**Study material**
******************************
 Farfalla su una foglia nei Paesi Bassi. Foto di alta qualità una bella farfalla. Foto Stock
******************************
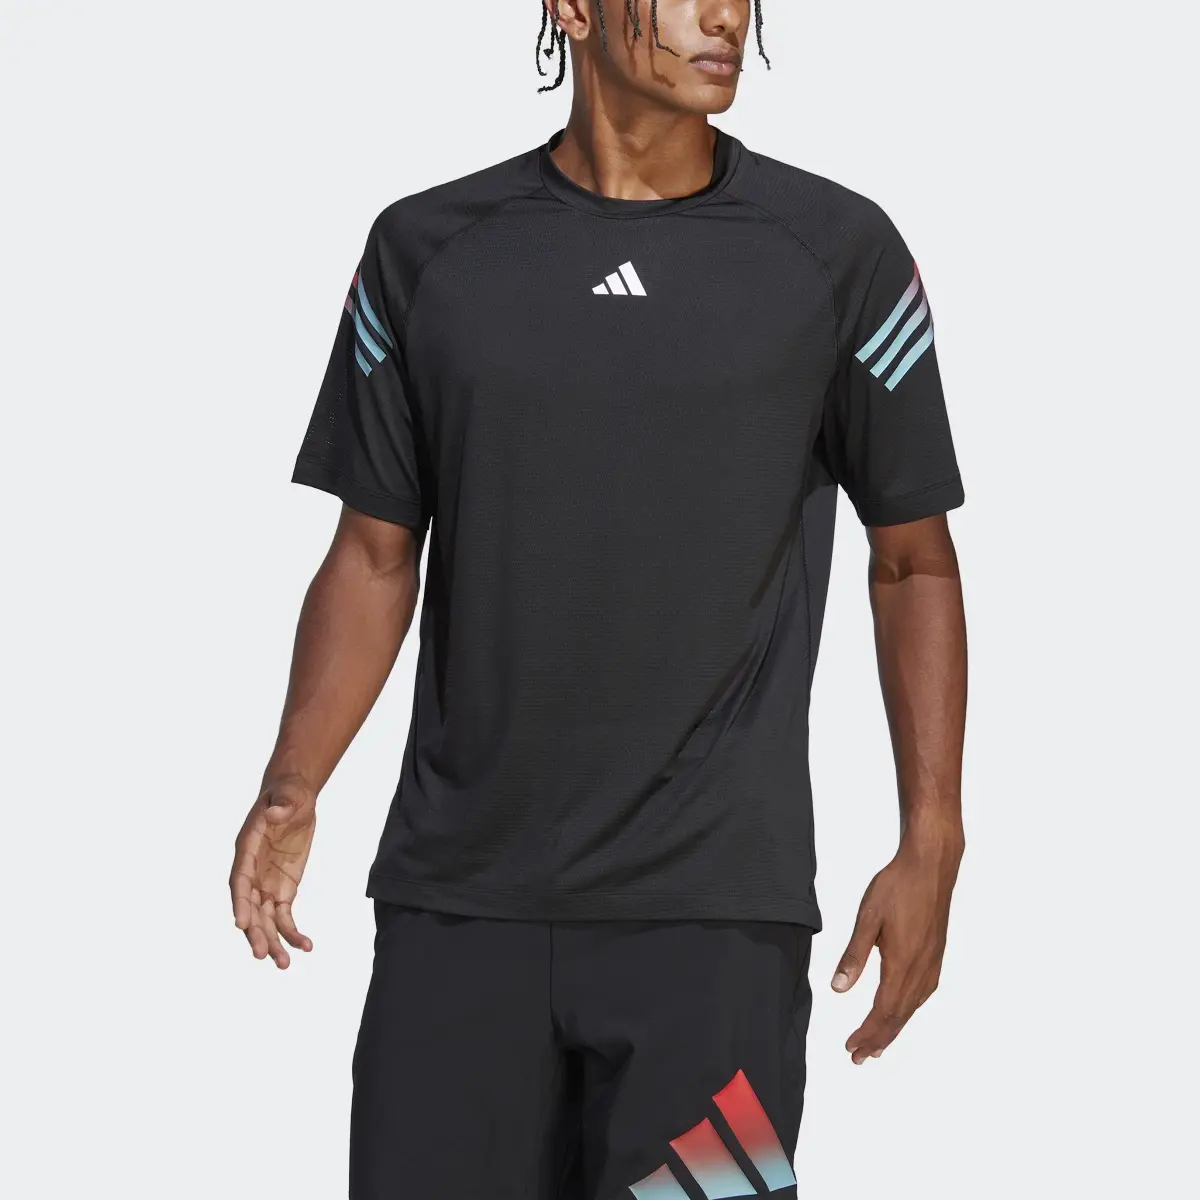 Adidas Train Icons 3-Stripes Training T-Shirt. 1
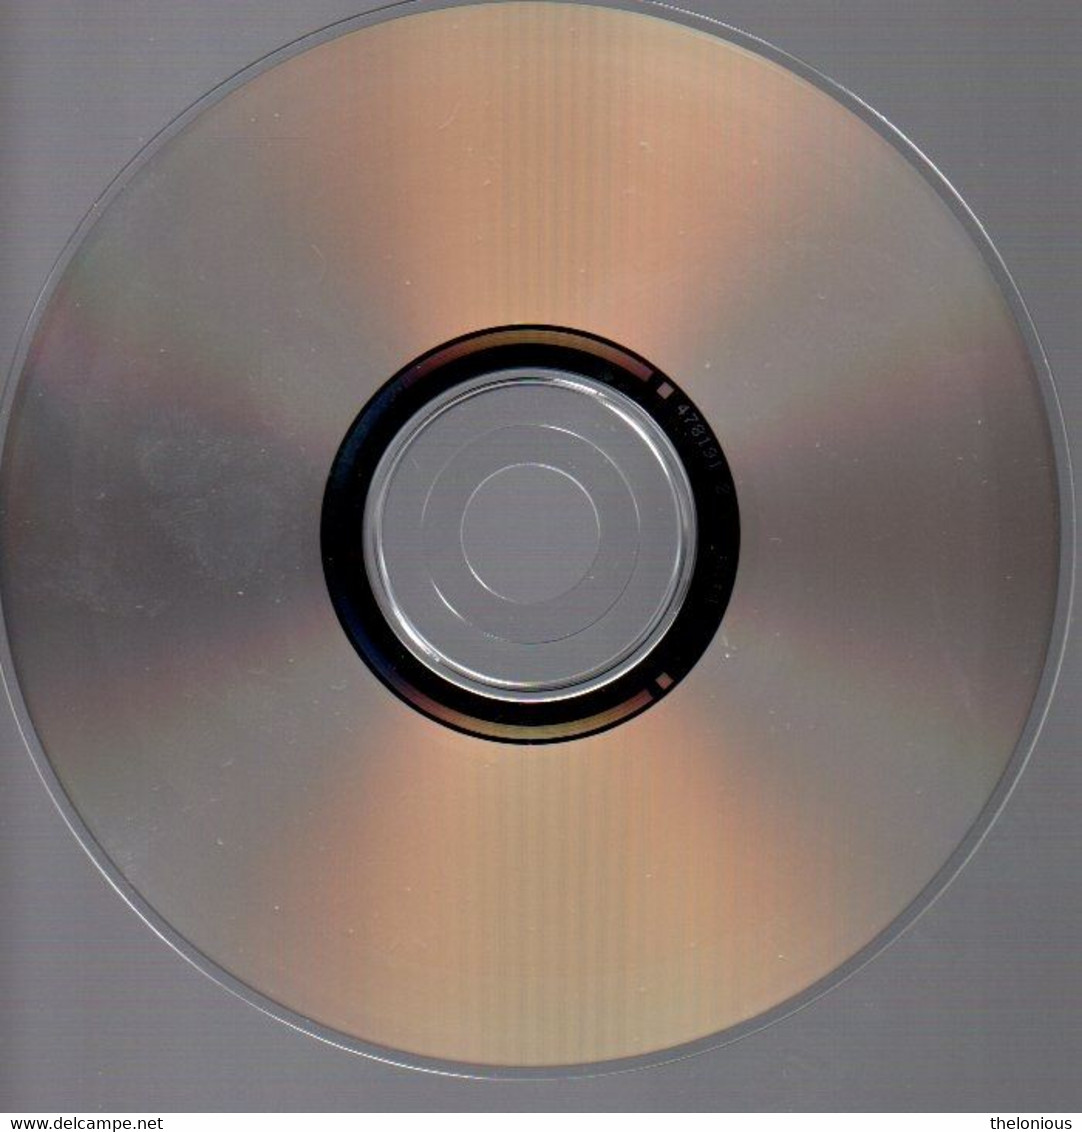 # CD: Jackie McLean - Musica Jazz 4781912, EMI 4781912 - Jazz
******************************
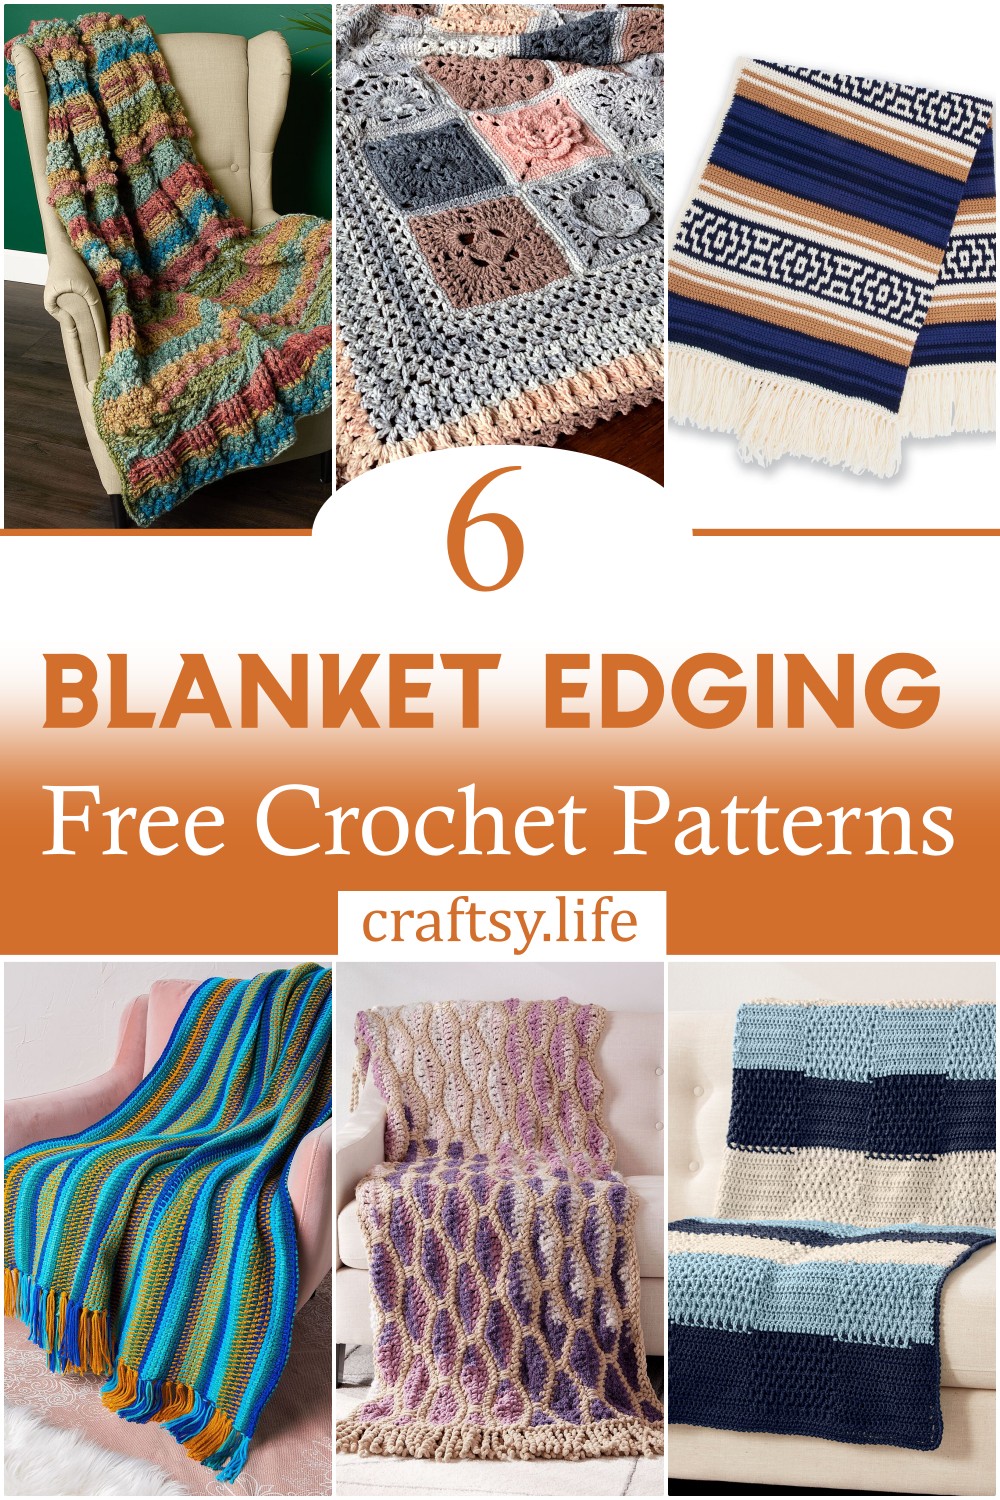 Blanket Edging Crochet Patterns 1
******************************
**Activity**
Transcribe, exactly and without pictures, everything in the data from the line with "Adidas Train Icons" down to the line with "# CD: Jackie", both included.

**Task result**
 Adidas Train Icons 3-Stripes Training T-Shirt. 1
 # CD: Jackie McLean - Musica Jazz 4781912, EMI 4781912 - Jazz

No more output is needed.